QARAC: Porting to PyTorch
Most of my previous work with neural networks has been based on the Keras library, so in implementing QARAC, I initially used what I was most familiar with. Some lower-level parts of the algorithm were implemented in TensorFlow, which for some years has been the default backend to Keras (however, it is now possible to use Keras with a choice of backends again).
I decided to to some local testing before committing large amounts of compute time to training the models, but when I did so, I got the following warning.
WARNING:tensorflow:Gradients do not exist for variables ['tf_roberta_model/roberta/pooler/dense/kernel:0', 'tf_roberta_model/roberta/pooler/dense/bias:0', 'qarac_trainer_model/qarac_encoder_model/global_attention_pooling_head/local projection:0', 'qarac_trainer_model/qarac_encoder_model_1/global_attention_pooling_head_1/local projection:0', 'tf_roberta_model_1/roberta/pooler/dense/kernel:0', 'tf_roberta_model_1/roberta/pooler/dense/bias:0'] when minimizing the loss. If you're using `model.compile()`, did you forget to provide a `loss` argument?
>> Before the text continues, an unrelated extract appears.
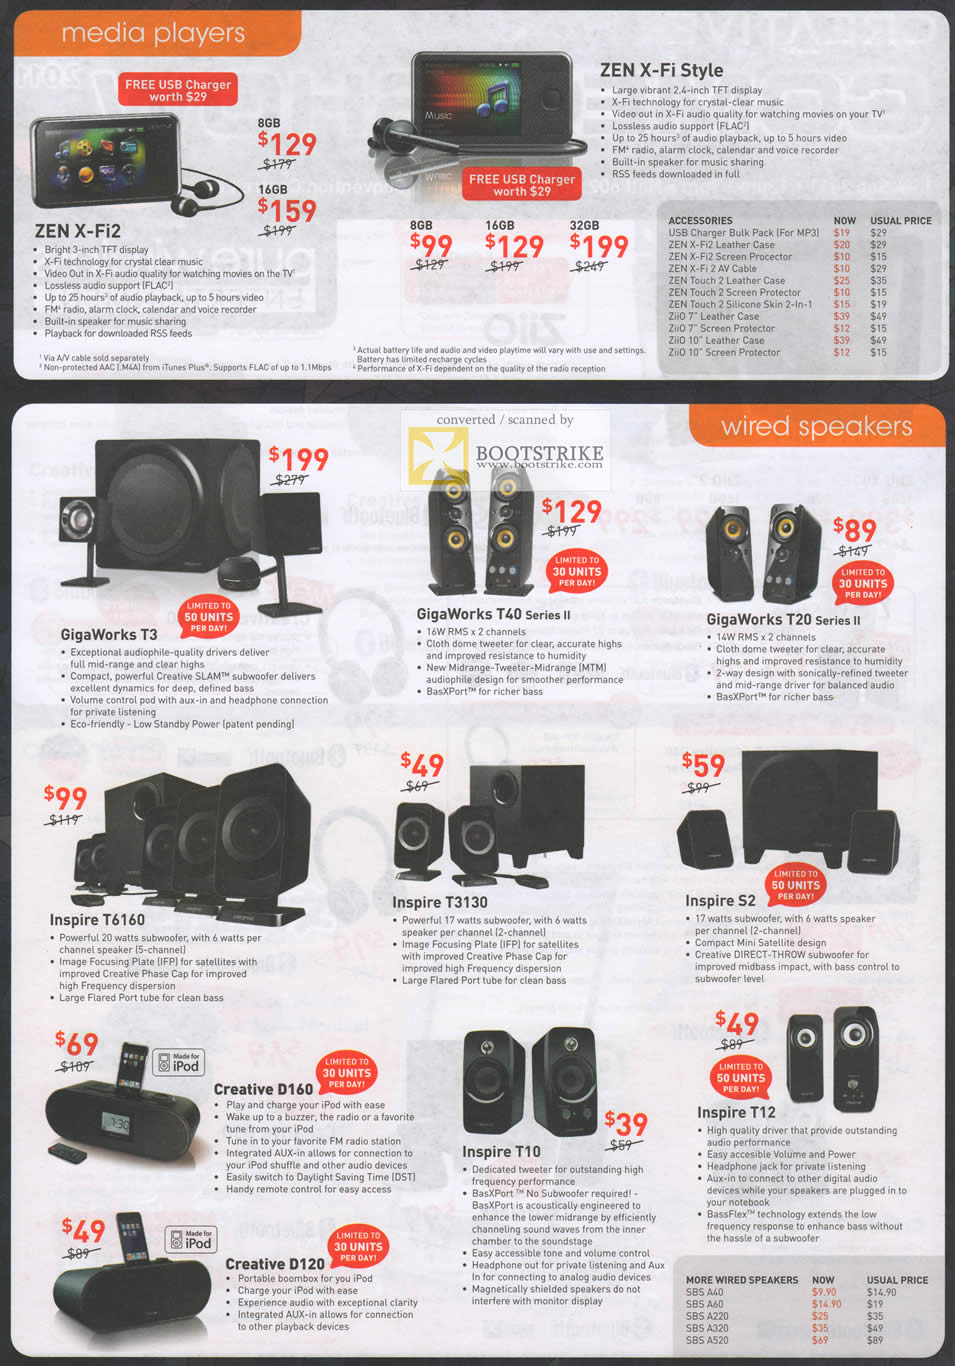 COMEX 2011 price list image brochure of Creative Media Player Zen X-Fi2 X-Fi Style Speakers GigaWorks T3 T40 Series II T20 Inspire T6160 T3130 S2 IPod Dock D160 D120 T10 T12 SBS A40 A60 A220 A320 A520

WARNING:tensorflow:Gradients do not exist for variables ['tf_roberta_model/roberta/pooler/dense/kernel:0', 'tf_roberta_model/roberta/pooler/dense/bias:0', 'qarac_trainer_model/qarac_encoder_model/global_attention_pooling_head/local projection:0', 'qarac_trainer_model/qarac_encoder_model_1/global_attention_pooling_head_1/local projection:0', 'tf_roberta_model_1/roberta/pooler/dense/kernel:0', 'tf_roberta_model_1/roberta/pooler/dense/bias:0'] when minimizing the loss. If you're using `model.compile()`, did you forget to provide a `loss` argument?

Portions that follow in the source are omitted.